DATA EXCERPTS =>

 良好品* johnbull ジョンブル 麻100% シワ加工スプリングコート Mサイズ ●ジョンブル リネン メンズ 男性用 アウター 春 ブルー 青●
==
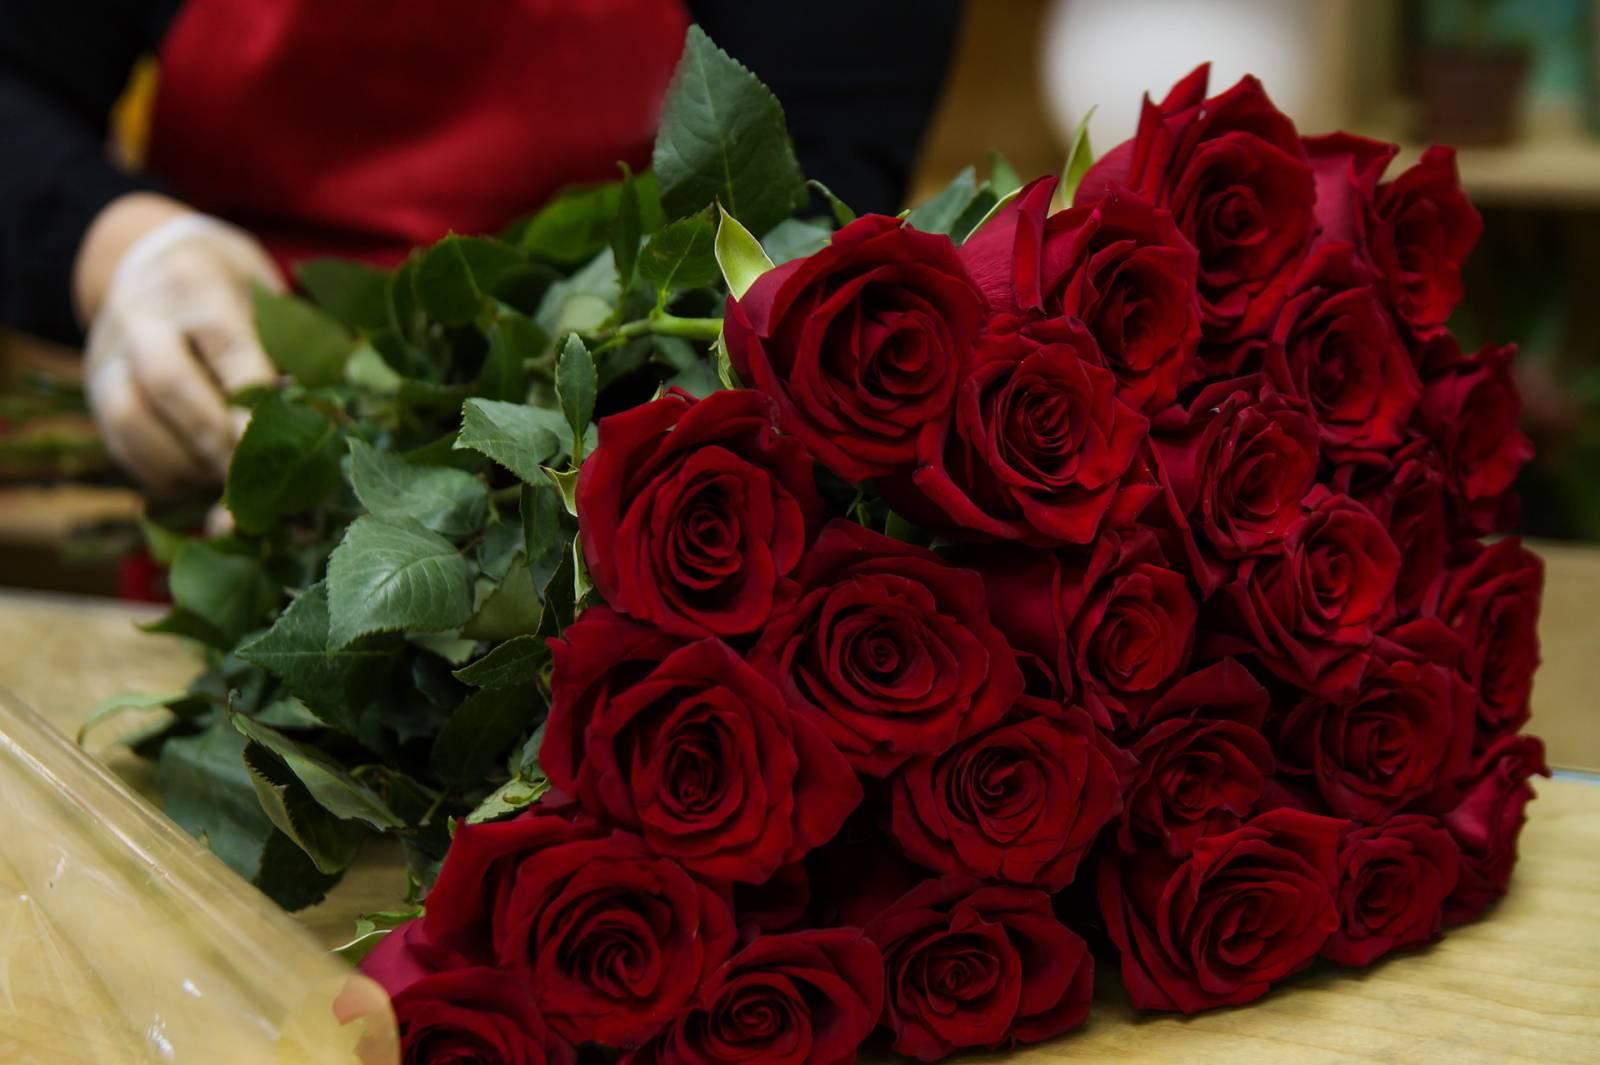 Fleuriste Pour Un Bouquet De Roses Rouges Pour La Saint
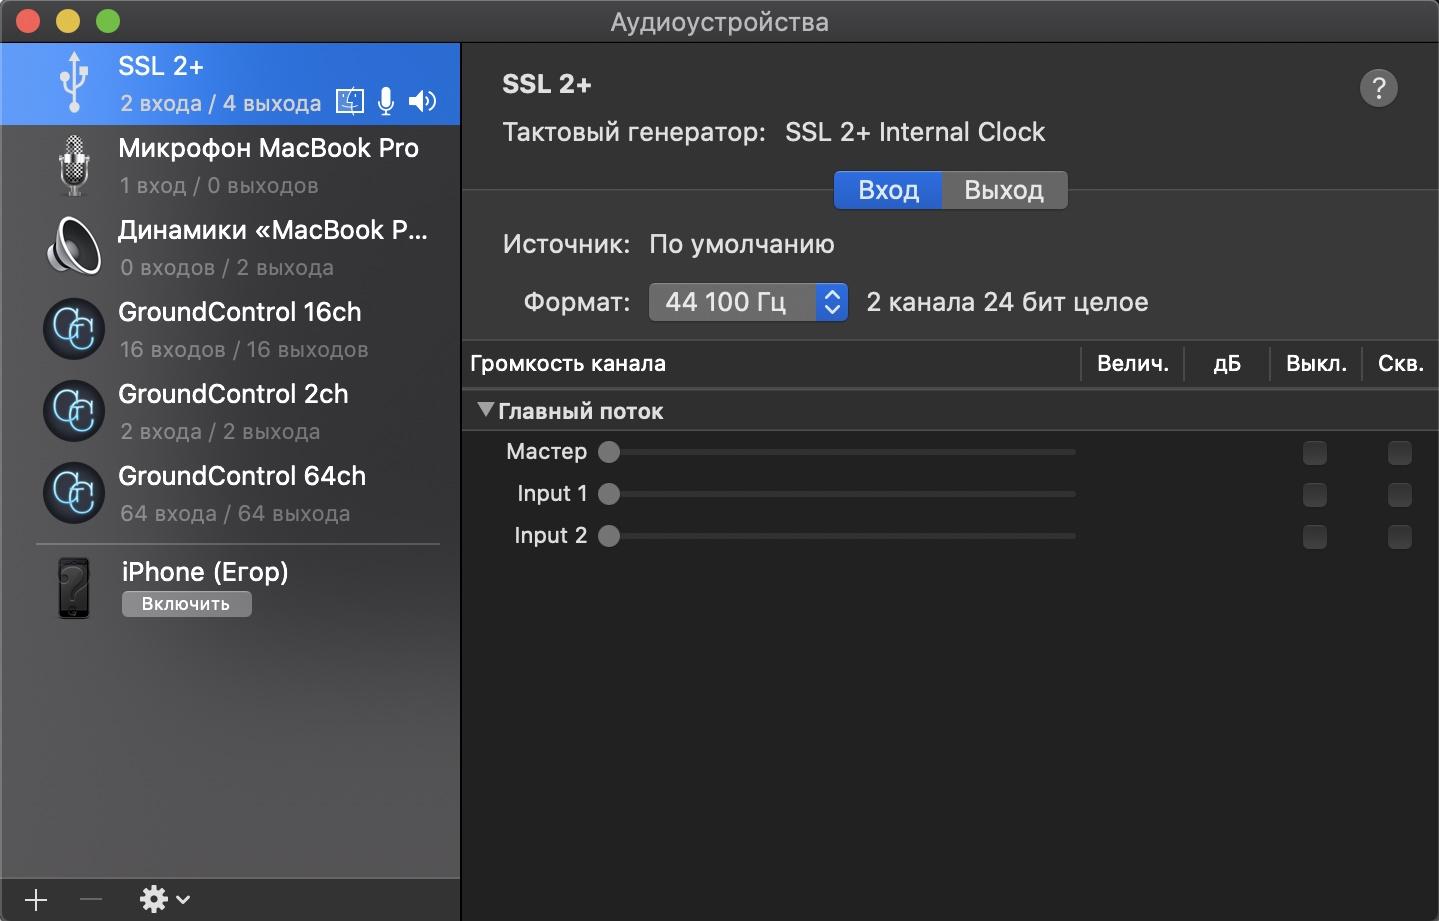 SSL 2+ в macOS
* * *
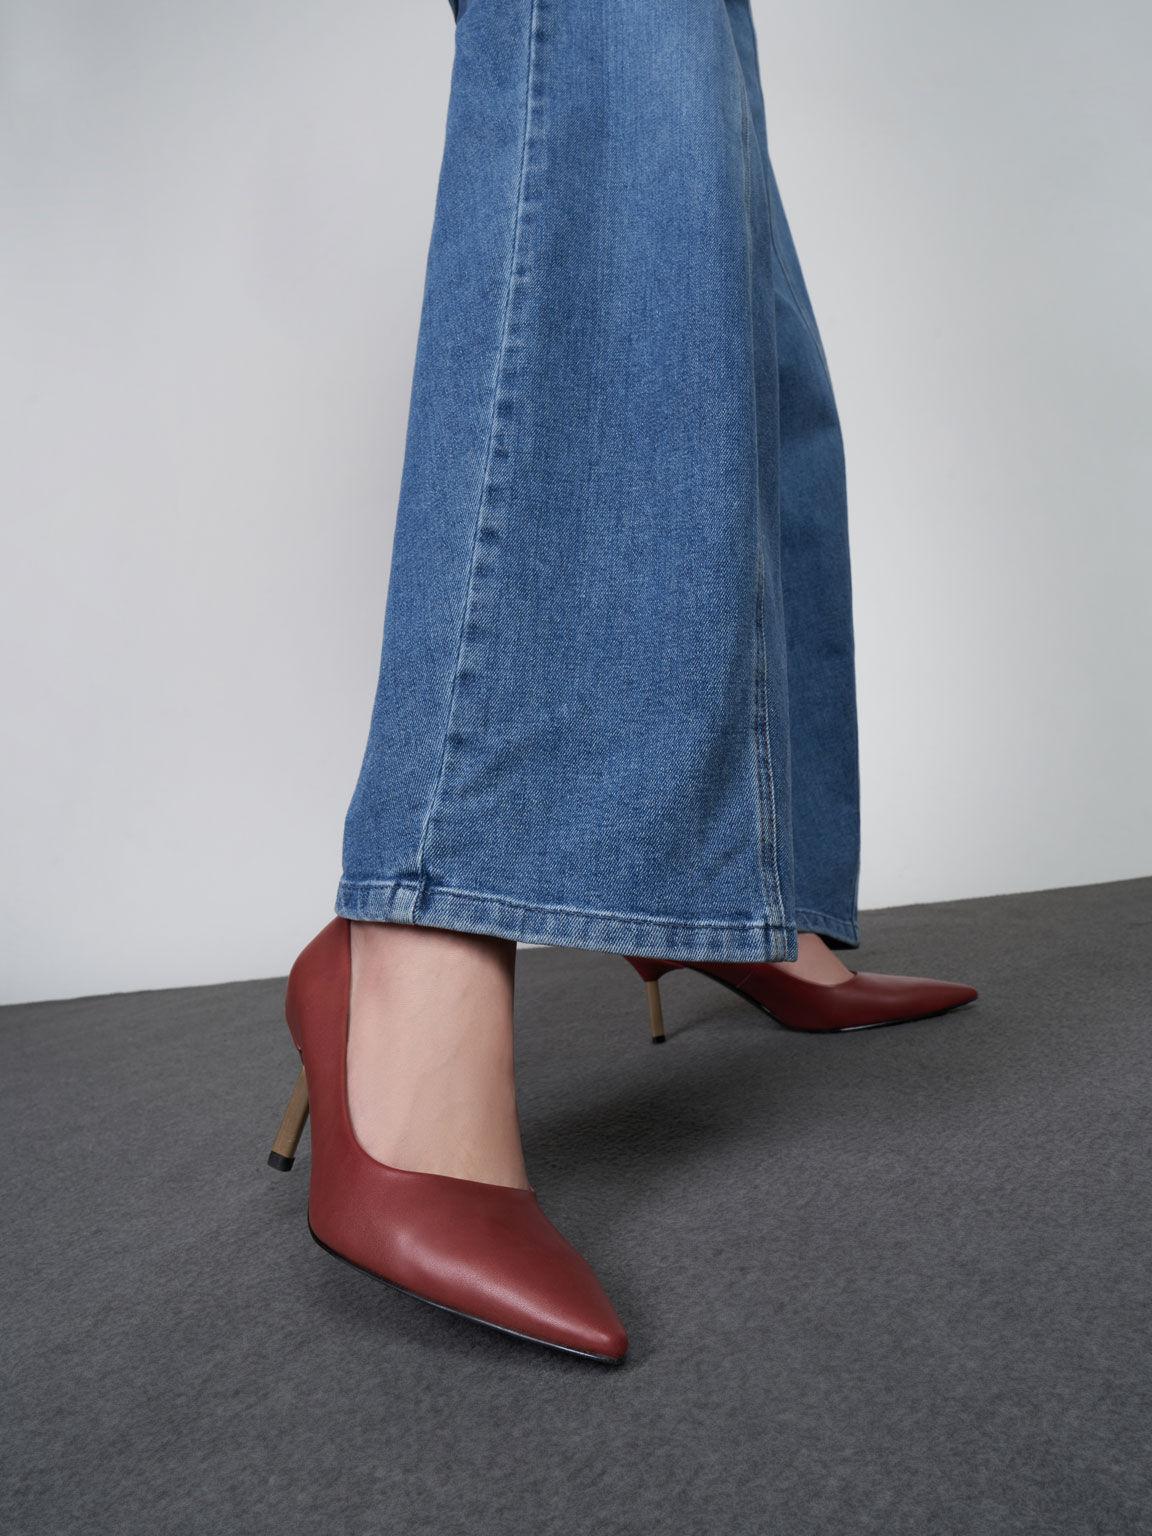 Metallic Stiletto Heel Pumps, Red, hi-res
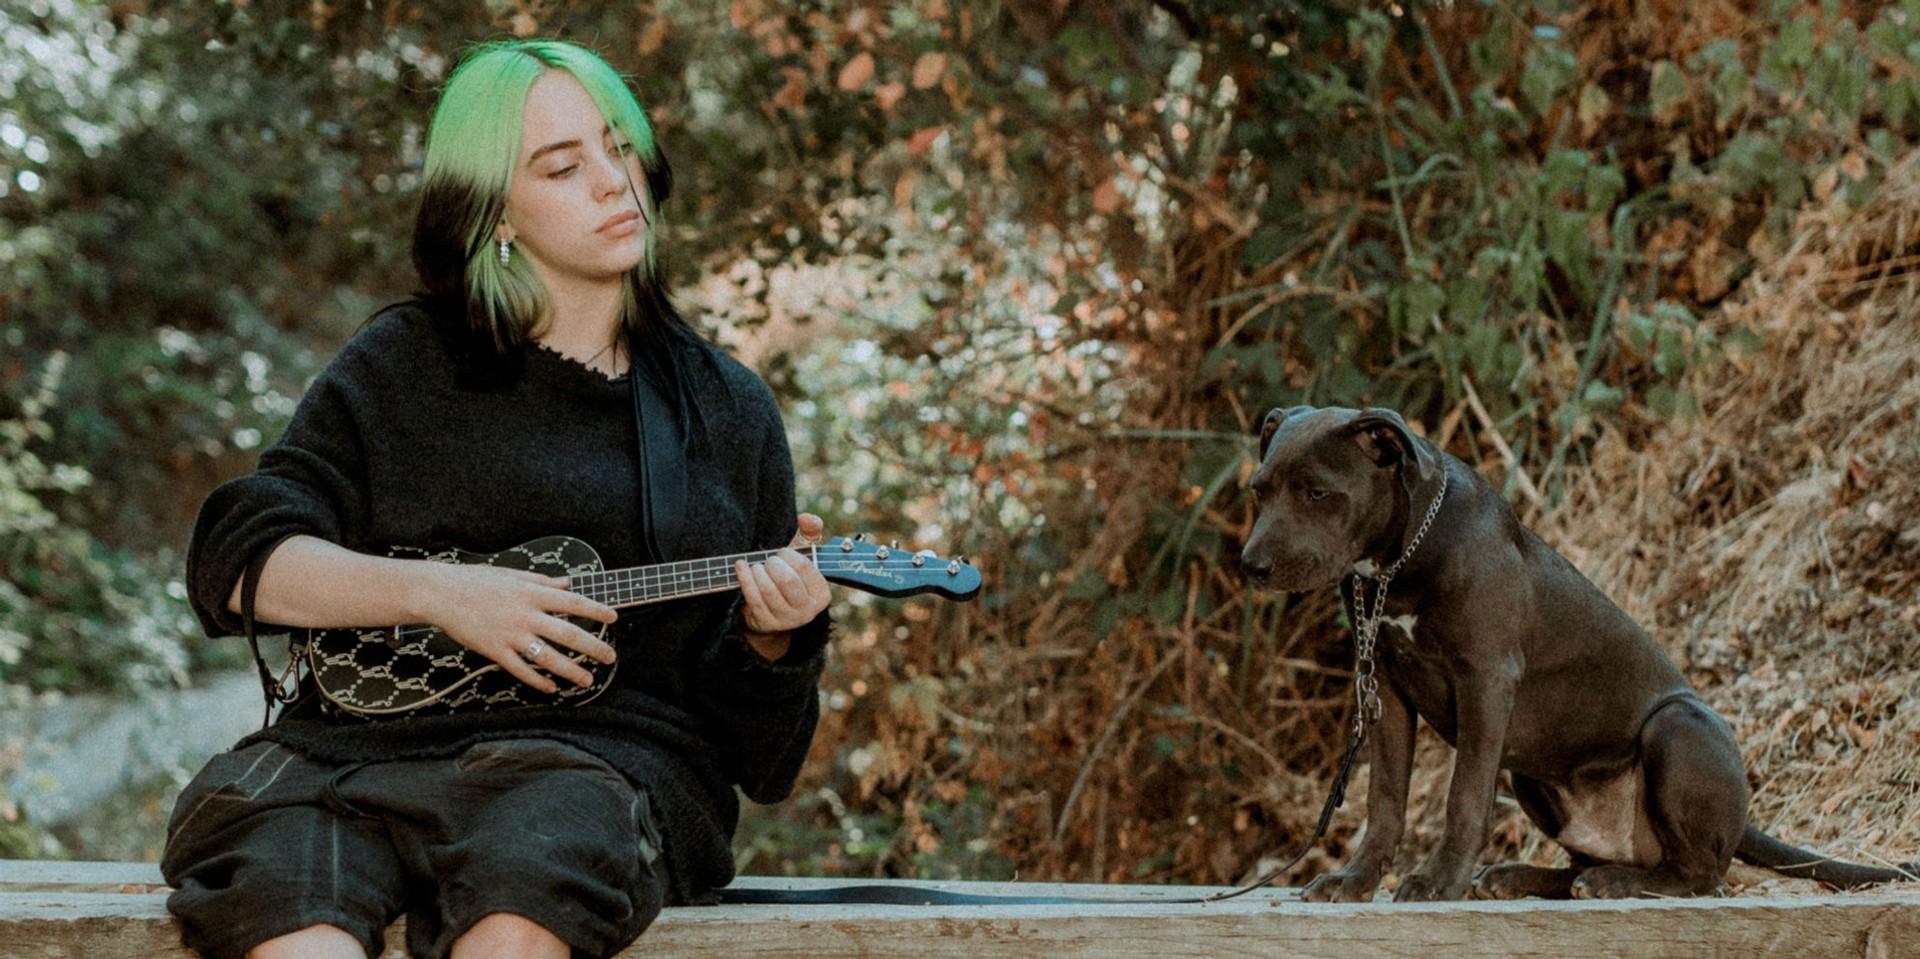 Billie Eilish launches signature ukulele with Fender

TASK BRIEF => Transcribe, word for word, the lines of the listing above from the one that contains "Metallic Stiletto Heel Pumps, Red, hi-res" through the one that contains "Billie Eilish launches", keeping both ends and dropping the pictures.

SOLVED EXERCISE =>
 Metallic Stiletto Heel Pumps, Red, hi-res
 Billie Eilish launches signature ukulele with Fender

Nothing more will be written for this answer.